Even three national units of the Red Cross are now backing a blockchain based currency scheme, the latest crypto news show. The largest humanitarian donor after the United Nations is backing a new scheme in an attempt to enhance aid delivery and boost the local economies.
All of this emerged in a report from the Thomas Reuters Foundation on November 26. As we can see, Red Cross societies from countries like Norway, Denmark and Kenya have all launched a two year plan to replace cash and voucher provision in aid and development efforts with blockchain-backed “local currencies.”
The plans, as the report outlines, is for the Red Cross to distribute even more of its cash and vouchers. Currently, this number is at $1 billion and they are either specifically targeted at disaster relief or meant to boost the local economies.
The new scheme is in the blockchain news because it was previously tested in parts of Kenya and Ethiopia and has been to improve trade in poor communities by allowing local users to earn credits which are created from work, sales or aid infusions – as well as spend them via a mobile phone app with a blockchain ledger that records transactions.

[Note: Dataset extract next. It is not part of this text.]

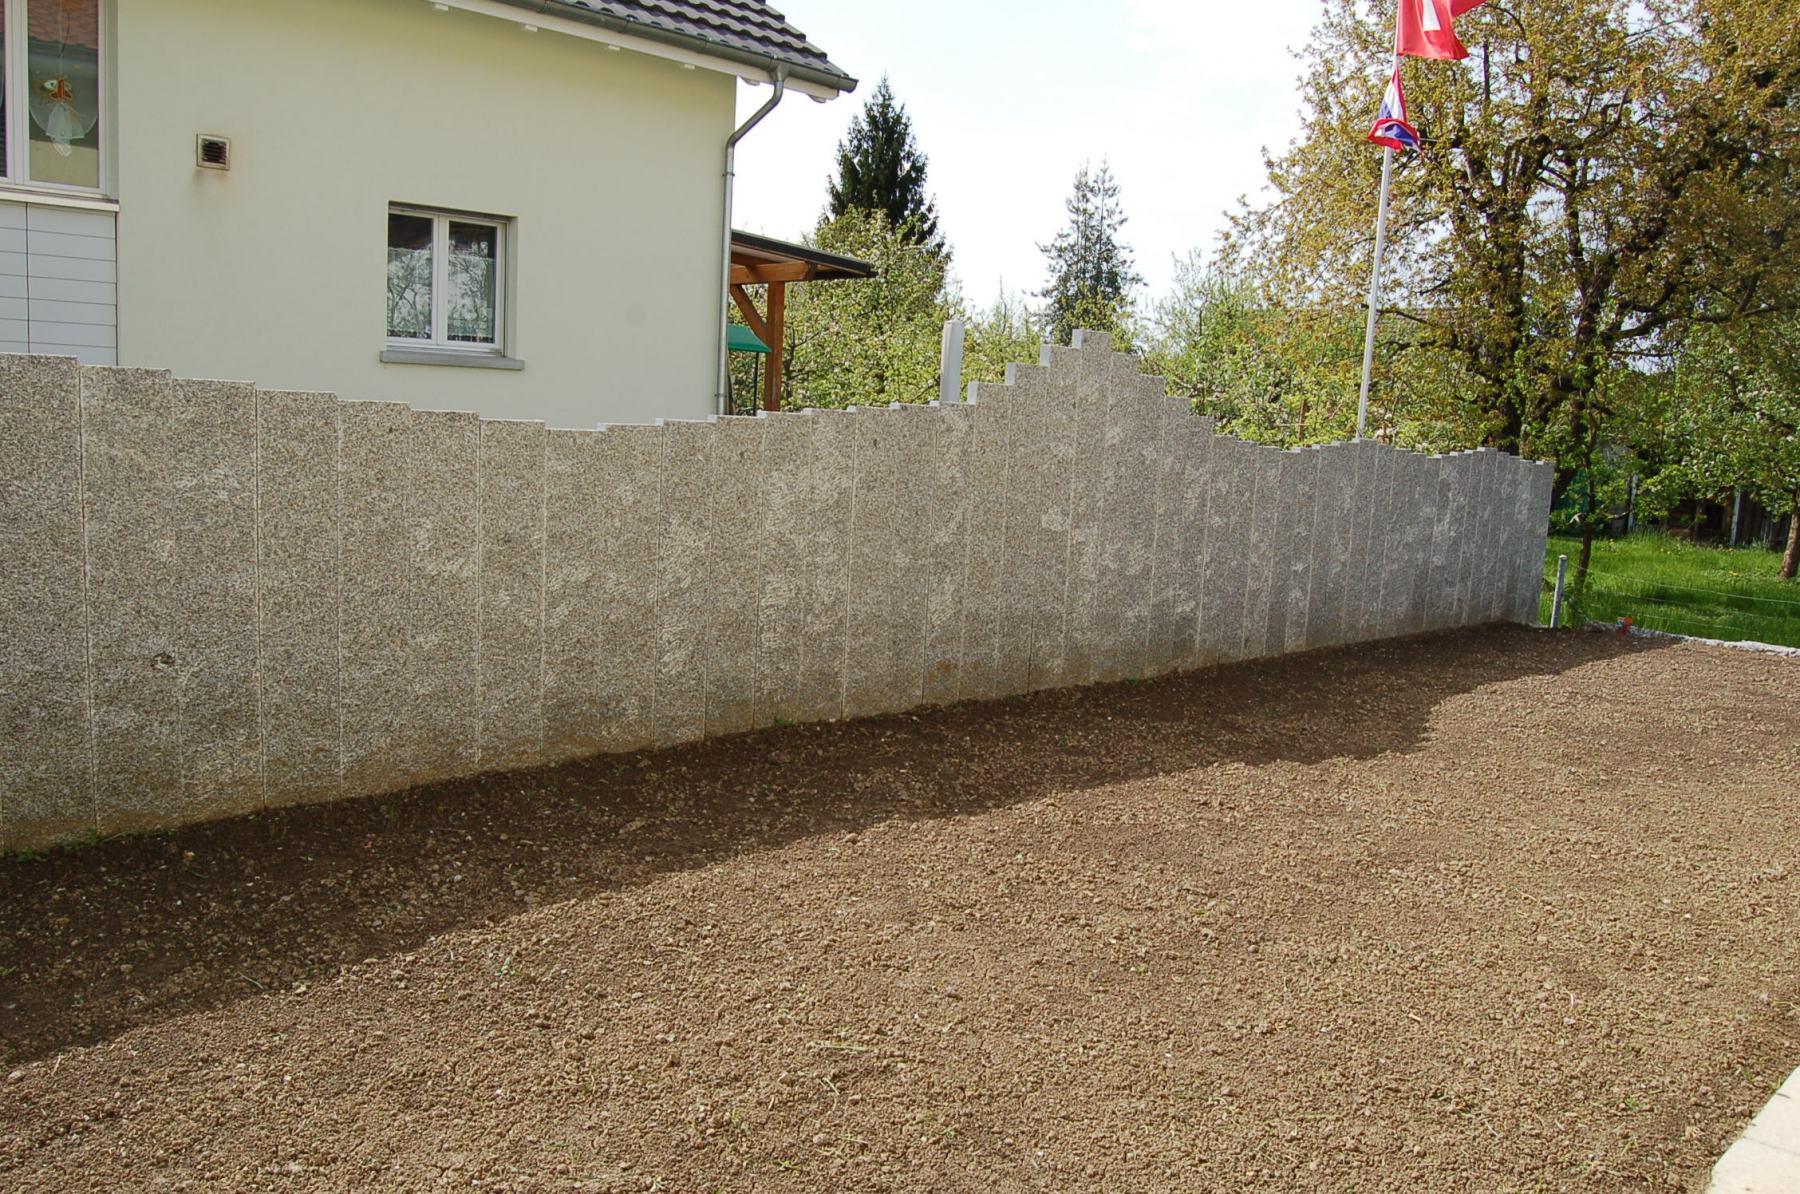 DSC_0679_Stehlen_Palisaden_Iragna_Sichtschutzmauer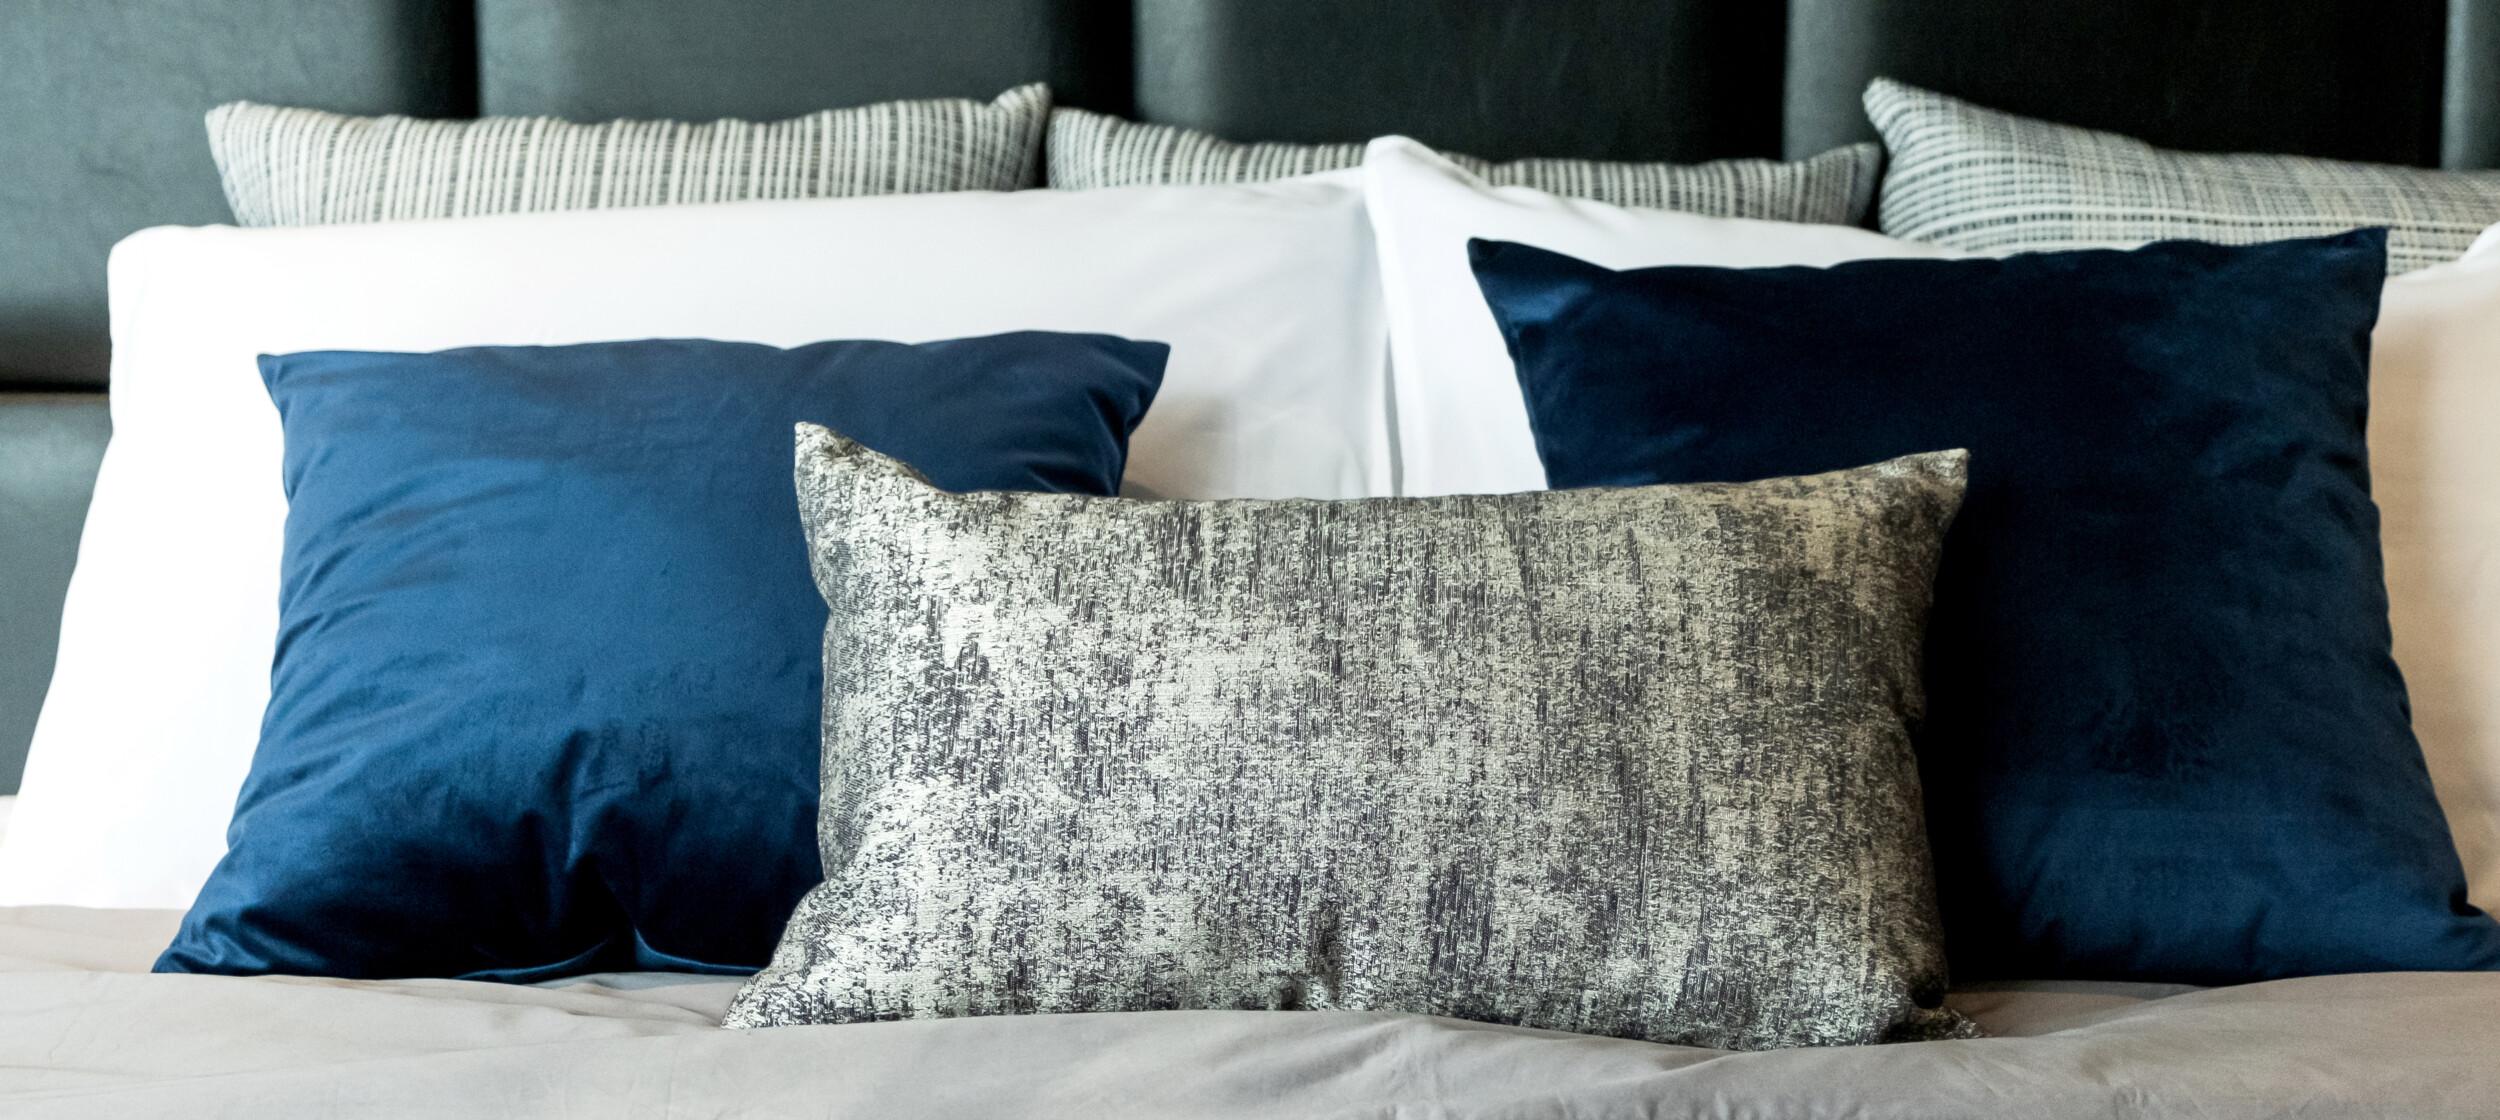 bedding decorativ e pillows

The system by Red Cross will be expanded across Kenya and the future could see it rolled out in countries such as Zimbabwe, Cameroon, Malawi, Myanmar and Papua New Guinea with a target to onboard 320,000 users within two years.
When it comes to establishing economic resilience, the project has met it from Kenyan banks who fear that the blockchain powered community credit schemes could cut the demand for their own services. As an expert pointed before, the transparency and data privacy benefits offered by blockchain and its potential allows them to adjust their provision and serve the communities in a better way
New reports from the World Bank show that the credit shortfall for small and medium scale businesses now is at $2.6 trillion. Therefore, a blockchain system like the one the Red Cross deploys could help and reinforce the resilient cycles and build the communities’ economies – rather than remaining limited to the short-term chronic aid cycles.